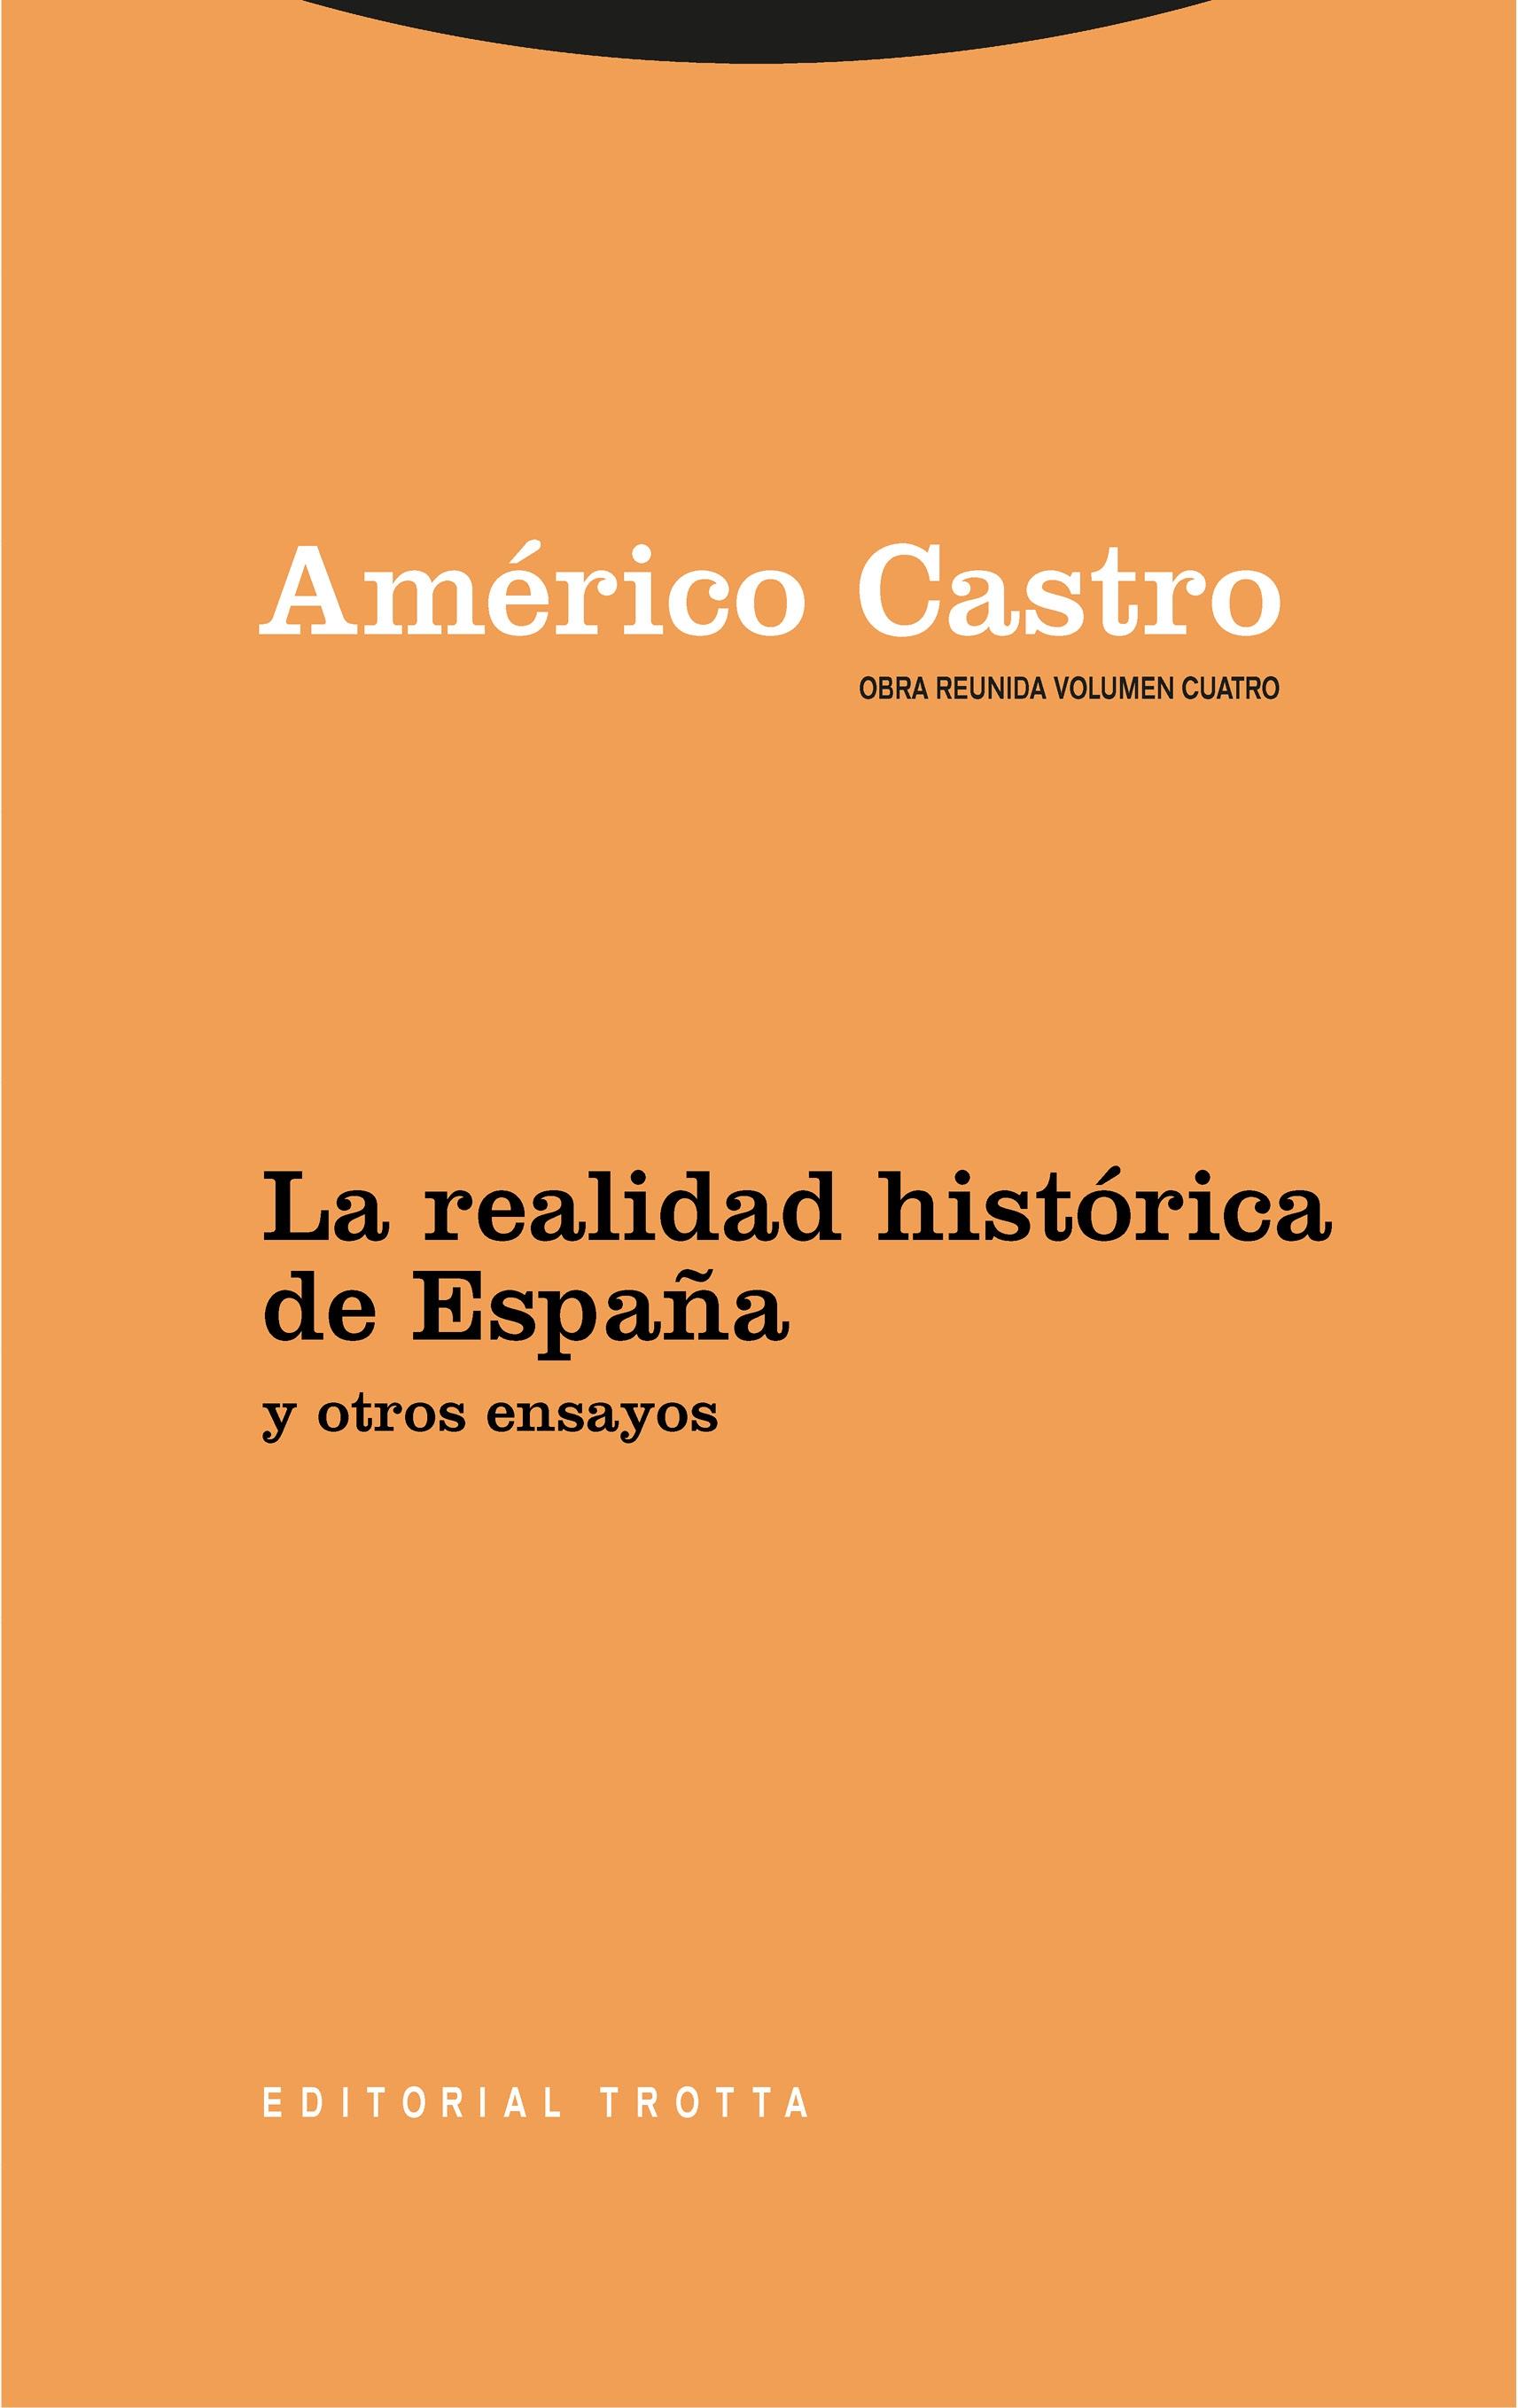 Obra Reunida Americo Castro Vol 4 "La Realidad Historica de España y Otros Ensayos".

--

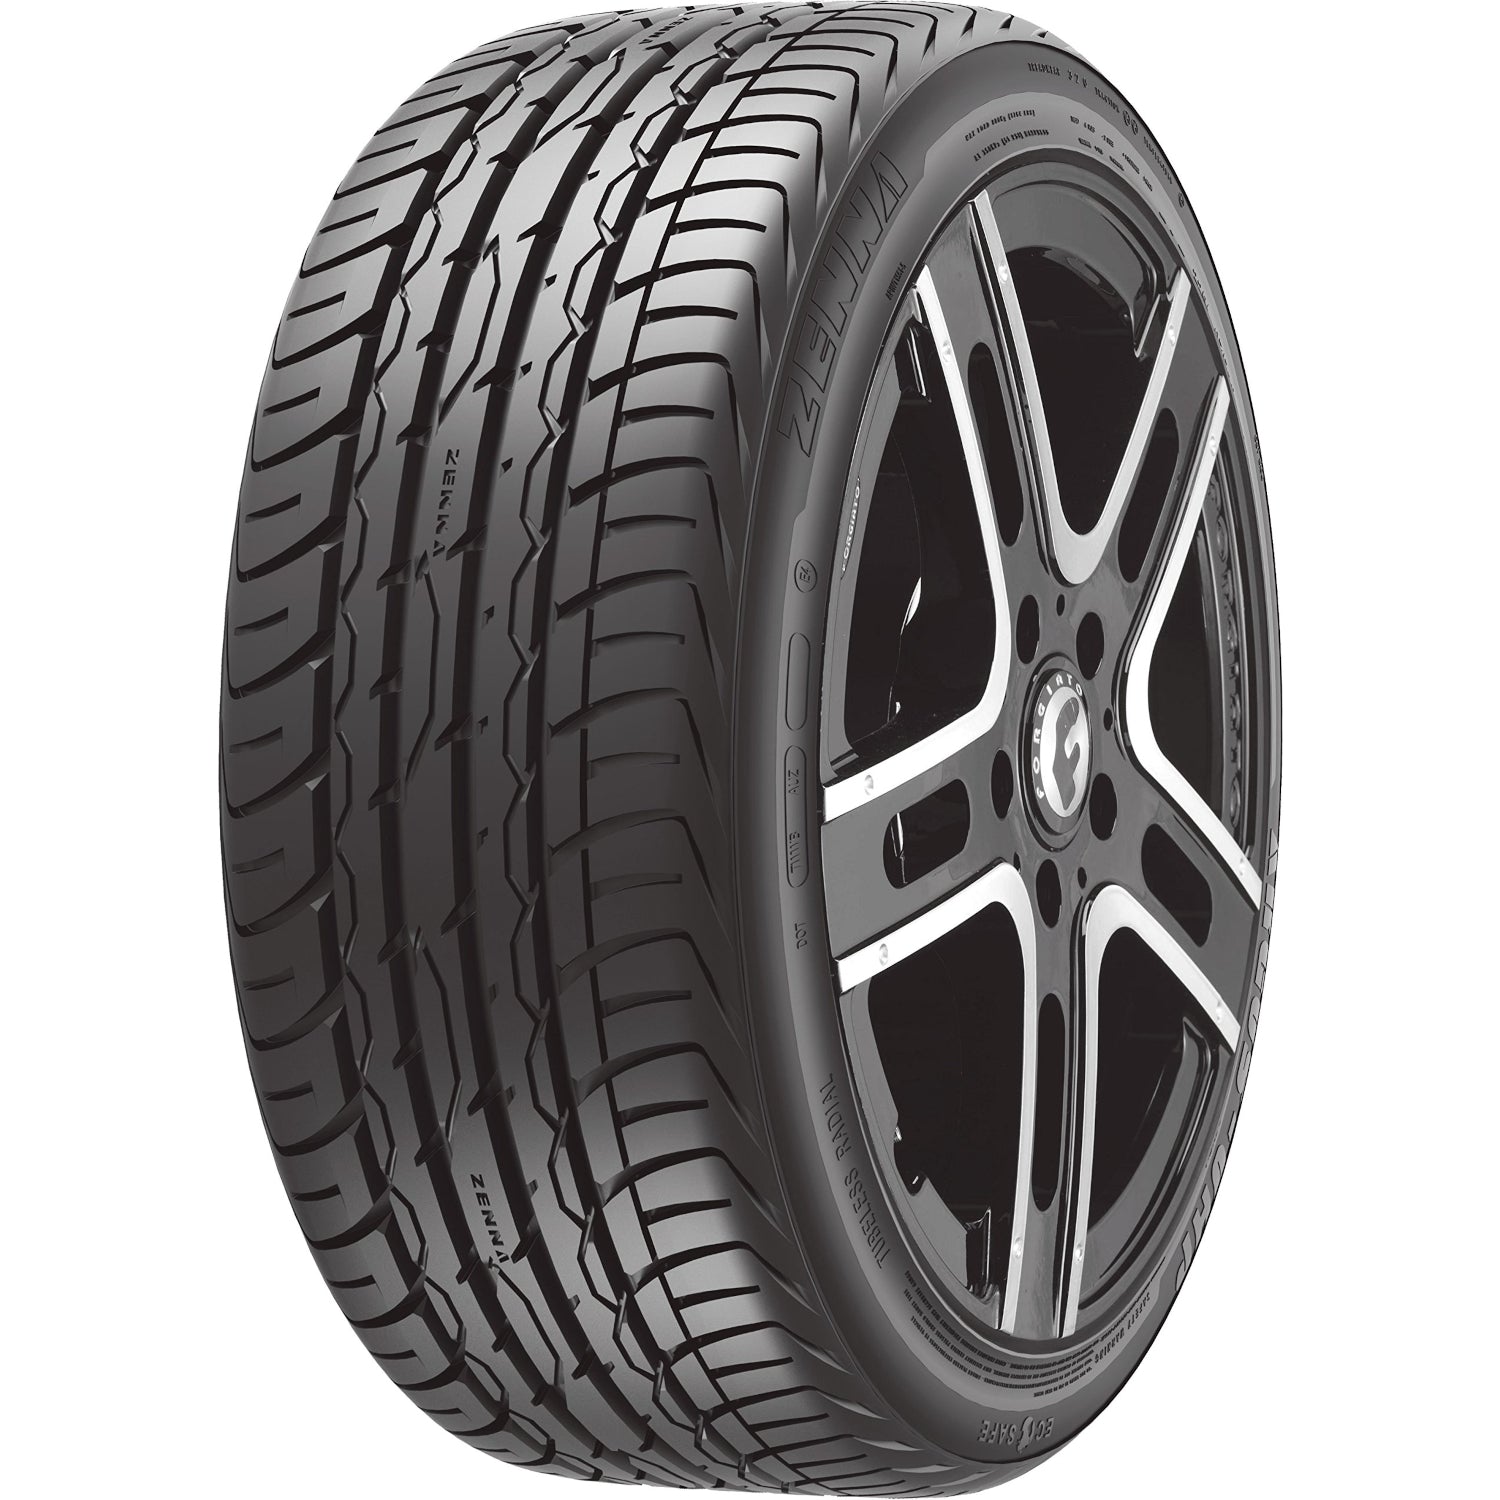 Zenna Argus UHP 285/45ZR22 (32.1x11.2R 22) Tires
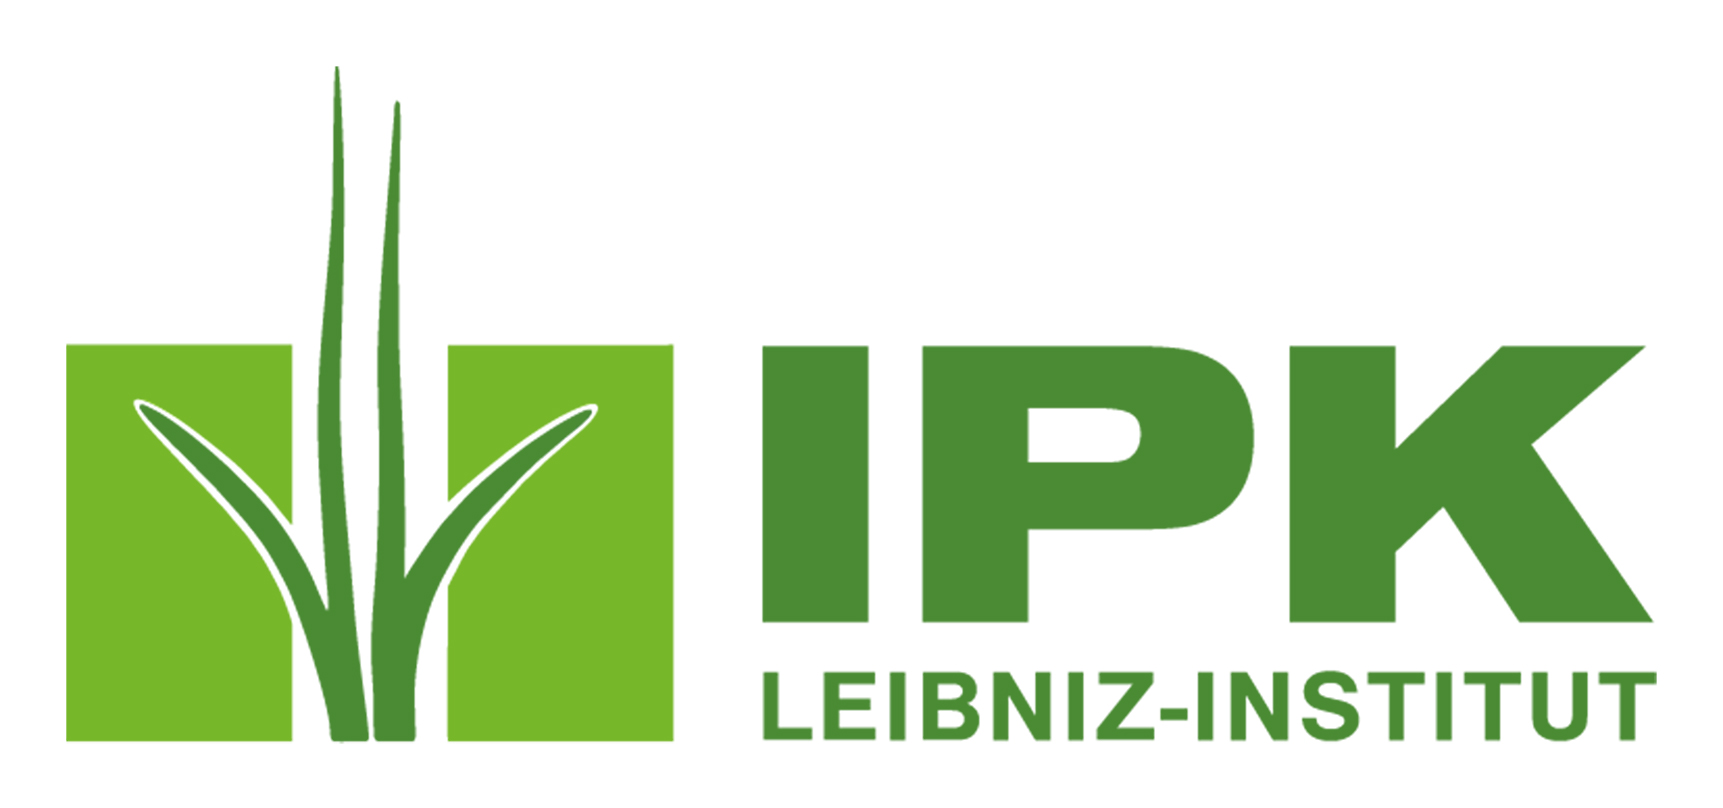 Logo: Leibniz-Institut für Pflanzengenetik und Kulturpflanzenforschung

...

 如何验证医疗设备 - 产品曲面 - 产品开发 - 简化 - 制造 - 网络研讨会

■ Instructions to follow ■
Restate the lines above from the one containing "Zenna Argus UHP" through the one containing "Logo: Leibniz-Institut für", inclusive, exactly and without pictures.

■ Solution to this exercise ■
 Zenna Argus UHP 285/45ZR22 (32.1x11.2R 22) Tires
 Logo: Leibniz-Institut für Pflanzengenetik und Kulturpflanzenforschung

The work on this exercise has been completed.